Ah I see the issue in LevelDBStorageProcess::initialize
void LevelDBStorageProcess::initialize()
{
leveldb::Options options;
options.create_if_missing = true;
leveldb::Status status = leveldb::DB::Open(options, path, &db);
if (!status.ok()) {
// TODO(benh): Consider trying to repair the DB.
error = Option<string>::some(status.ToString());
}
// TODO(benh): Conditionally compact to avoid long recovery times?
* db->CompactRange(NULL, NULL);*
}
If the Open operation fails we must not dereference db, I'll commit a fix
shortly for you. This should fix things up. (This is likely happening
because the default work directory for the master is /tmp/mesos which is
likely not writable by your master).
On Wed, Oct 30, 2013 at 11:45 AM, Benjamin Mahler <benjamin.mahler@gmail.com
> wrote:
> Interesting, I cannot reproduce this, what command are you using to run
> the master?

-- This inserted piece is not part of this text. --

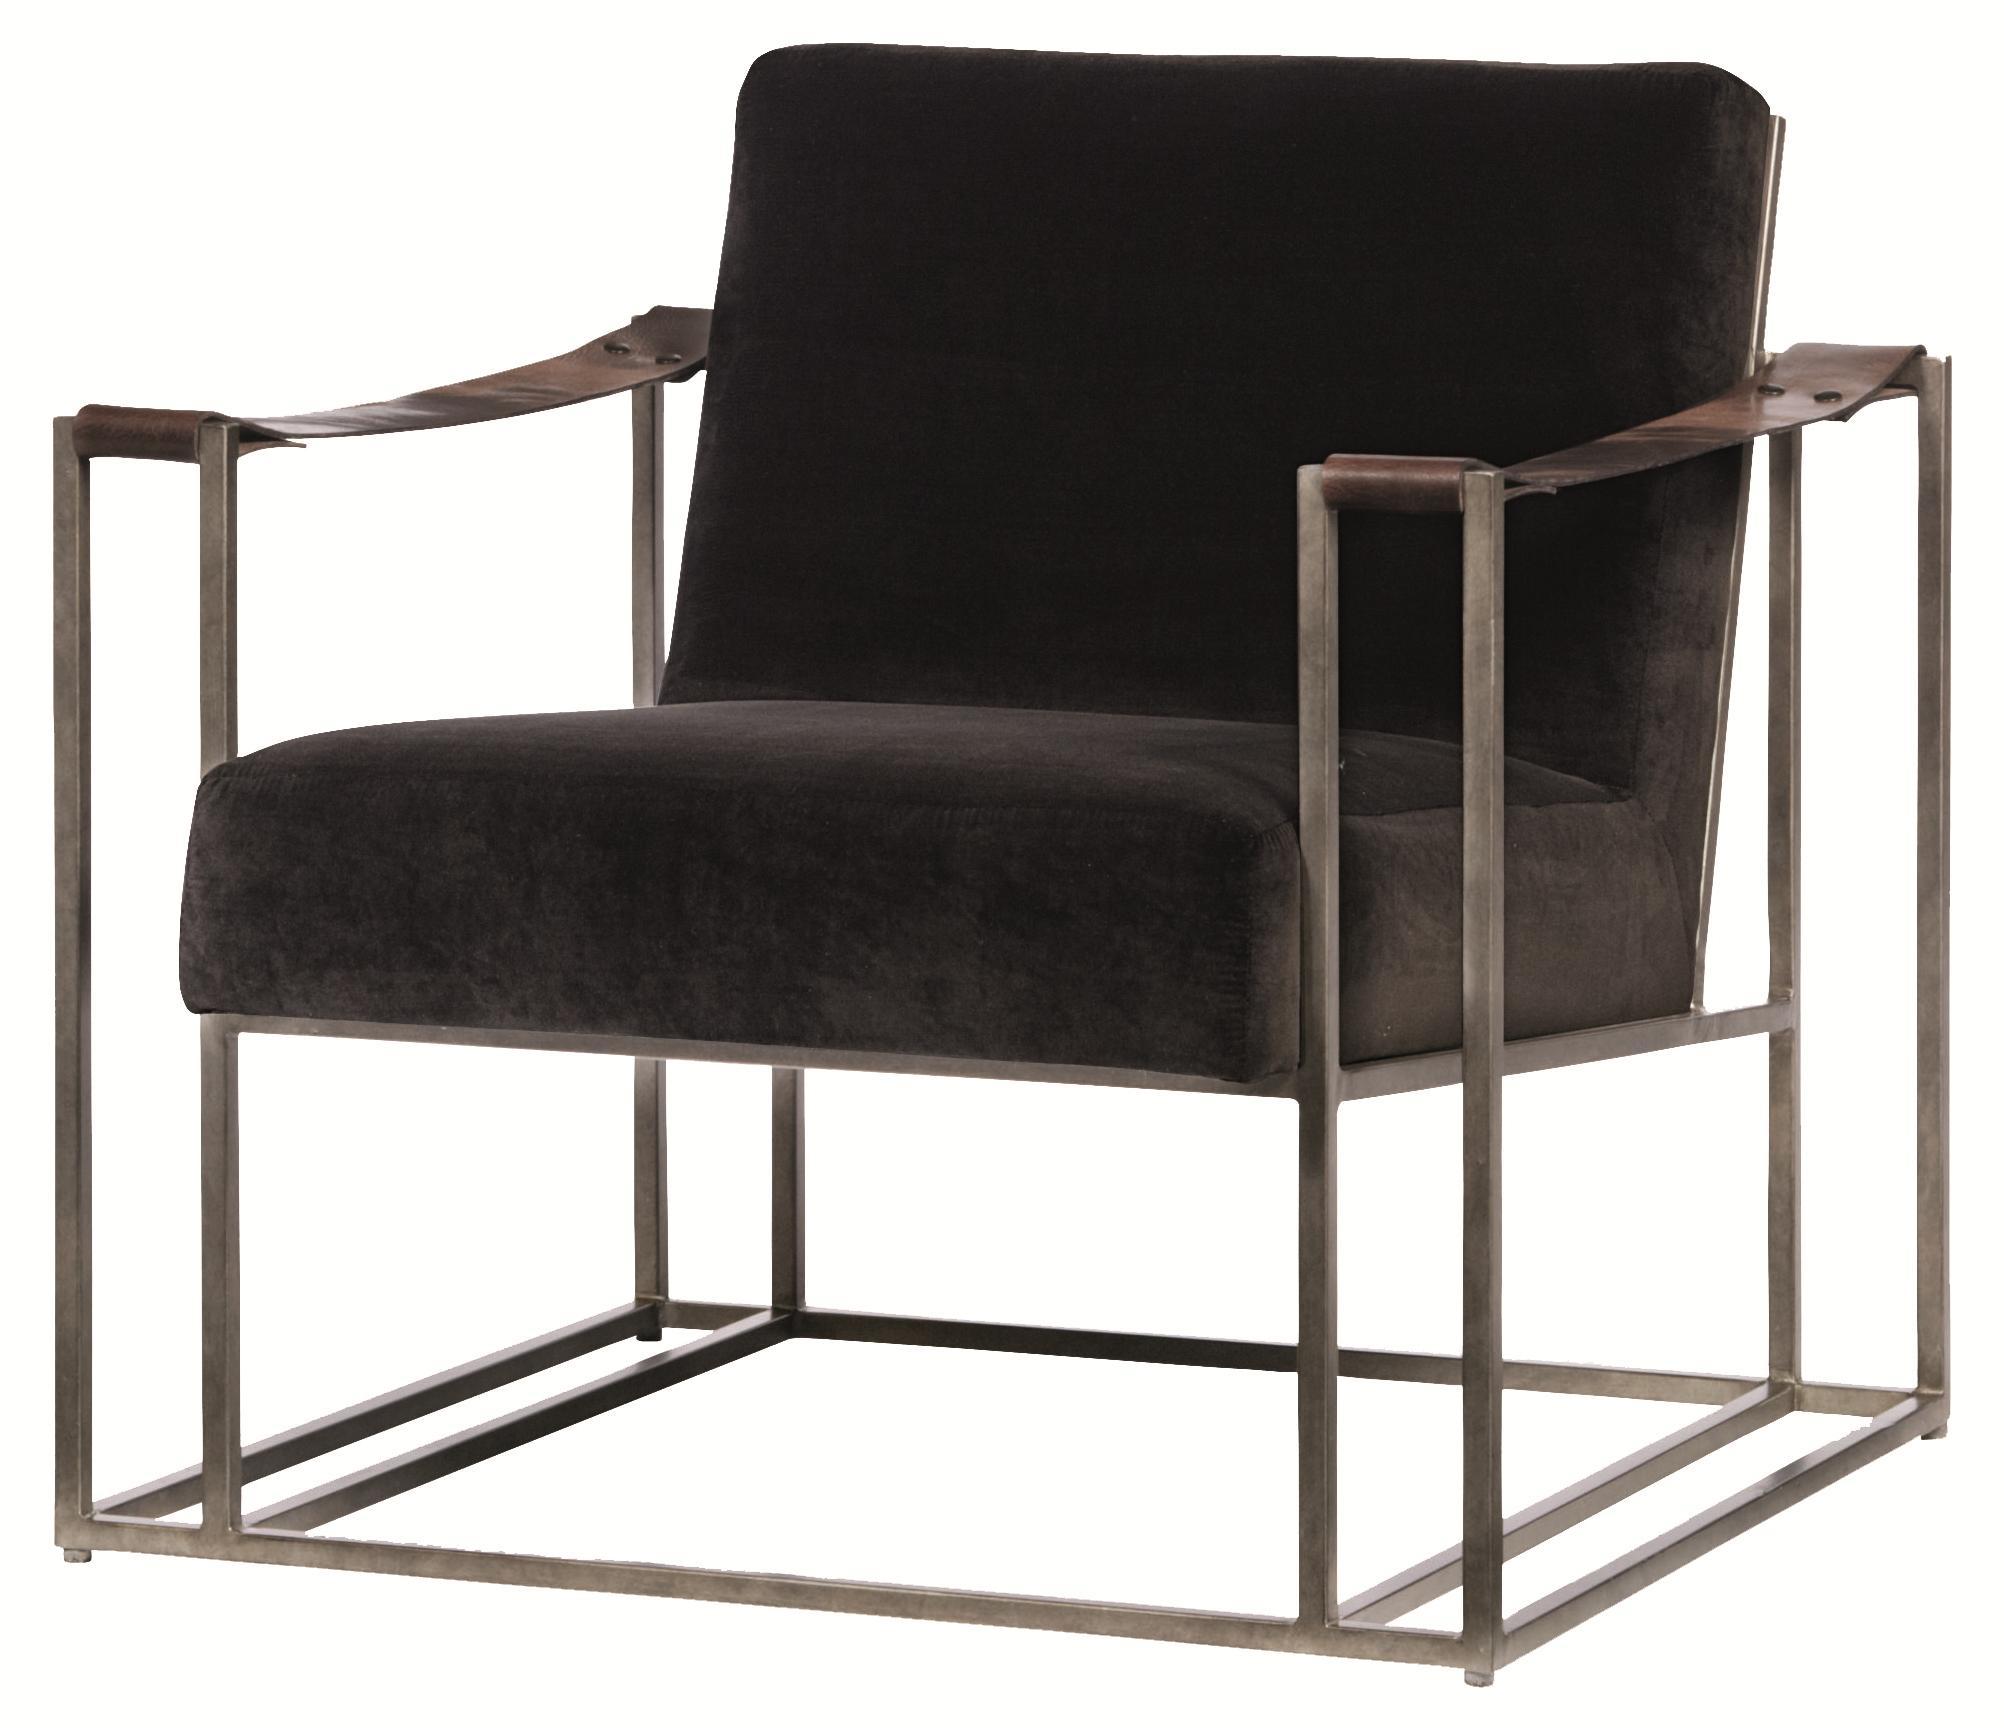 Bernhardt Dekker B3212 High End Accent Chair With Modern Style Dunk Bright Furniture

Which operating system?
>
> If you're running the master from a build, can you run the master with gdb?
>
> ./bin/gdb-mesos-master.sh
>
> Once is segfaults it would be good to get a backtrace on where this occurs
> (seems the backtrace you linked does not have line numbers unfortunately).
>
>
> On Tue, Oct 29, 2013 at 3:55 PM, Du Li <du...@ericsson.com> wrote:
>
>> Hi,
>>
>> I just built the latest code from mesos HEAD. When doing
>> "bin/mesos-master", the master process core dumped with error messages as
>> below. Framework authentication seems a newly added feature. Do I need to
>> do any extra configuration to mesos and the framework (e.g. Spark)?
>>
>> Thanks,
>> Du
>>
>> I1029 15:32:44.601929 18088 main.cpp:123] Build: 2013-10-29 15:02:13 by
>> bigdatauser
>> I1029 15:32:44.603224 18088 main.cpp:124] Starting Mesos master
>> I1029 15:32:44.604331 18088 master.cpp:293] Master started on
>> 10.126.71.151:5050
>> I1029 15:32:44.604408 18088 master.cpp:308] Master ID:
>> 201310291532-2538044938-5050-18088
>> I1029 15:32:44.604465 18088 master.cpp:318] Master allowing
>> unauthenticated frameworks to register!!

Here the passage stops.